As I gaze upon my growing 5-year-old daughter, and hold on tight for dear life, the memories I’m trying to store in my head, I think to myself – how did we get here so fast? Have you ever tried to stop and think about your fondest memories of your toddler being a baby? Or have you ever scrolled through every single photo of her infant stage knowing good and well you’ve done it a hundred times? And, thanks to Snapchat memories, I feel the butterflies in my stomach every time I play old videos of her wiggling around my tummy while I was pregnant. I’m basically an emotional train wreck because she will be entering Kindergarten in the fall.

Team No Regrets

We made the decision to place my eldest in preschool when she was 3 years-old because we were excited for her to get an early jumpstart to her education. She was ready, I was ready and we had ZERO regrets – I didn’t even question preschool. The #firstdayofschool photos were all smiles and I still remember asking her if she wanted me to stay a bit. She giggled and said “bye, mom.” Her words gave me confidence. It was the right decision. She was incredibly happy.

Now that I’m preparing my body, mind and spirit for Kinder, I can’t make sense of why my feelings are going a bit out of whack. Why now, that she’s been in school for 2 years, do I suddenly want to say, no more school just stay home and cuddle with me every morning? Meanwhile, she talks about Kinder daily as we are approaching just the last few weeks of school. Her face lights up knowing she’ll be on the “big playground now.” How she’ll soon be reading and writing notes to her friends. Then, just a few days ago, she said “and I’ll be a great big sister at school, mom.” Yes, that’s the cherry on top. Not only do I have a soon-to-be Kindergartner…we also have a soon-to-be 3-year-old who has been begging to go to school ever since she first walked hand-in-hand to drop her big sister off at class.

Hello Kinder, Hello Preschool

I didn’t cry the day my 3-year-old went to preschool, but if anyone would like to bet on waterworks the first day I have TWO kids walking into school, well, odds are highly in your favor. Wow, I just got a few tears in my eyes just typing this. If you’re thinking why don’t I just keep her…it’s tough, mama!
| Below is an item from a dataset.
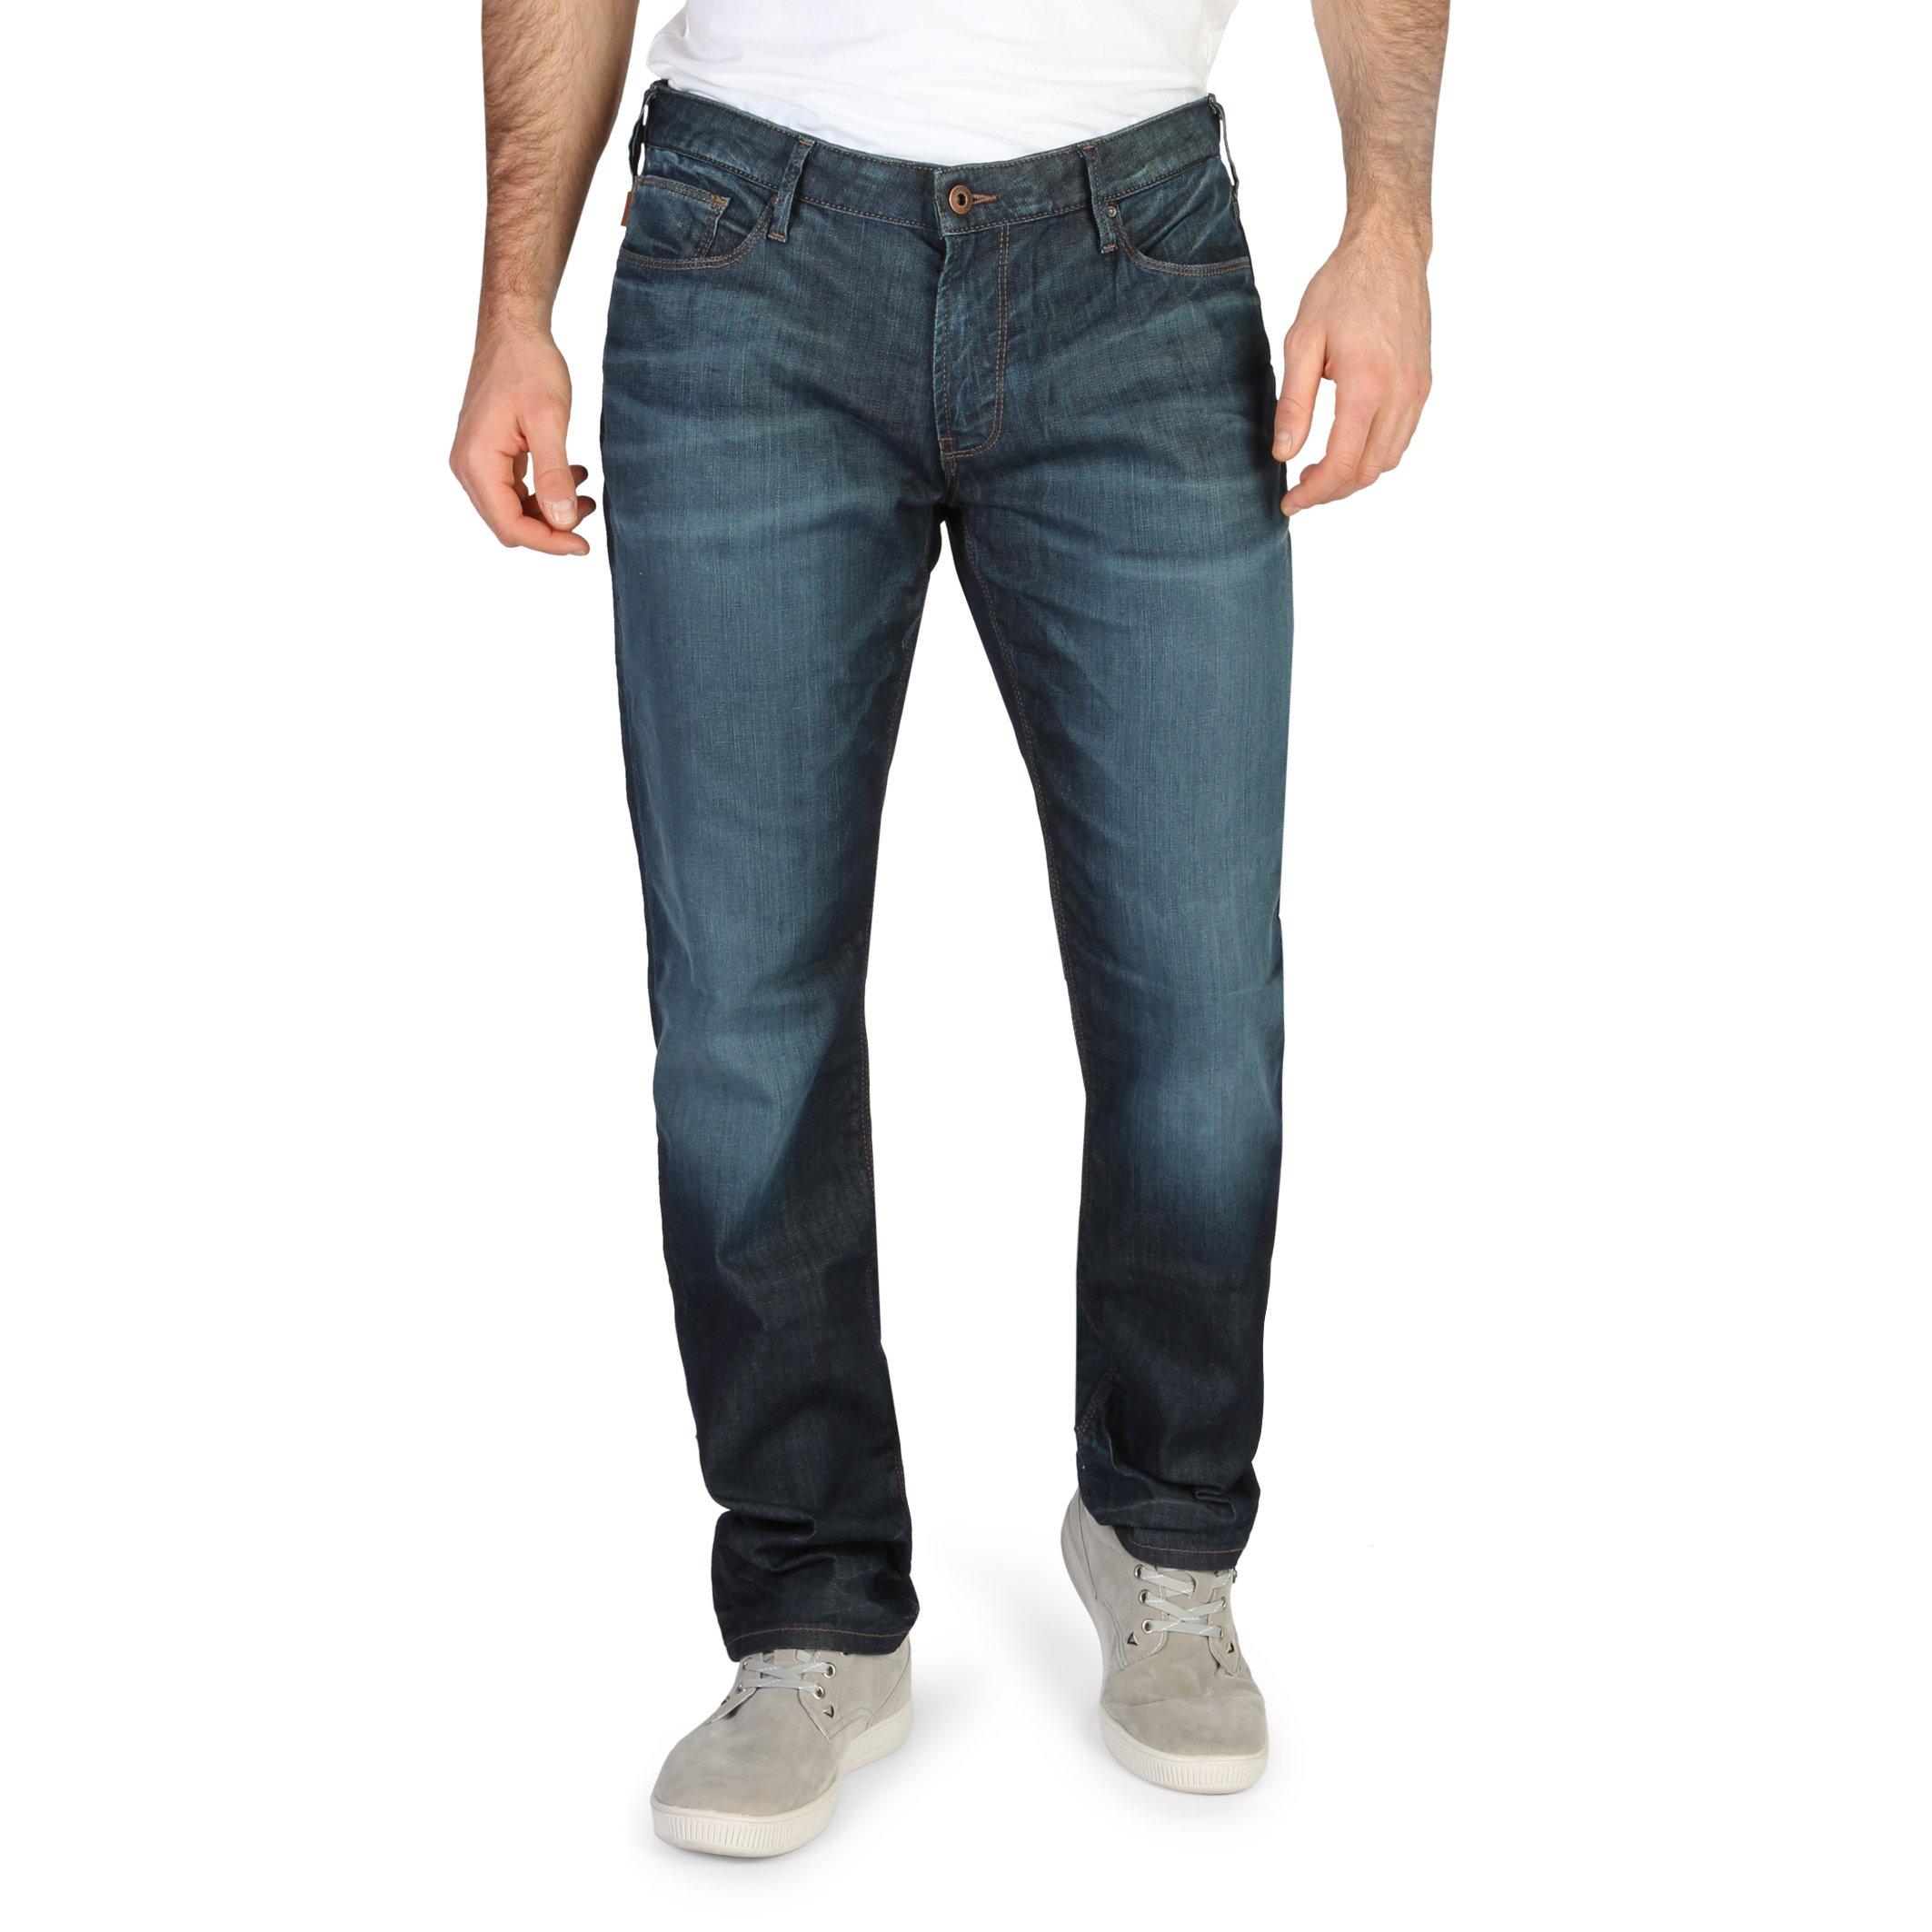 Emporio Armani Men's Jeans Blue 330055 - blue-1 27

And, I haven’t made up my mind on it 100%. You see, I’m very thankful for a flexible job but anyone who works from home at any capacity while trying to care for a toddler knows how that goes. I go back and forth a lot – am I being selfish to keep her, should I ignore her desire to go to school? OMG, am I being a BAD mom?

Here’s the skinny – she’s ready. I’m not (yet). But I do know an early start helped our eldest daughter and she had such a great time. I have a handful of mom friends who sent their kiddos to pre-k and gave it 2-thumbs up AND I have friends who skipped Pre-K and gave that 2-thumbs up.

Here are my 3 thoughts as we decide on preschool:

  1. How will I be the best mom I can be? I’m talking about work balance, life balance, small business balance, and whatever else I have going on. I’m jotting it all down.
  2. How can our family benefit from the decision we make? I’m making a list of all the benefits of BOTH. No negatives on this list – it’s not my thing.
  3. If it doesn’t feel right, what can I do or what would be the next steps? If I let her try it out and we both decide it’s not working yet (every child is different), we will happily take a break. I’m deciding that now so I don’t have to stress about what to do later. I also feel more confident in that decision if I have a plan for it now.

We all know our children best and what works for our family. While I’ll miss eating breakfast in our favorite sunny nook of the house, our morning tea parties, or our mid-day outdoor adventures in the backyard looking for bugs or jumping on the trampoline, I know our mommy-daughter adventures won’t stop here.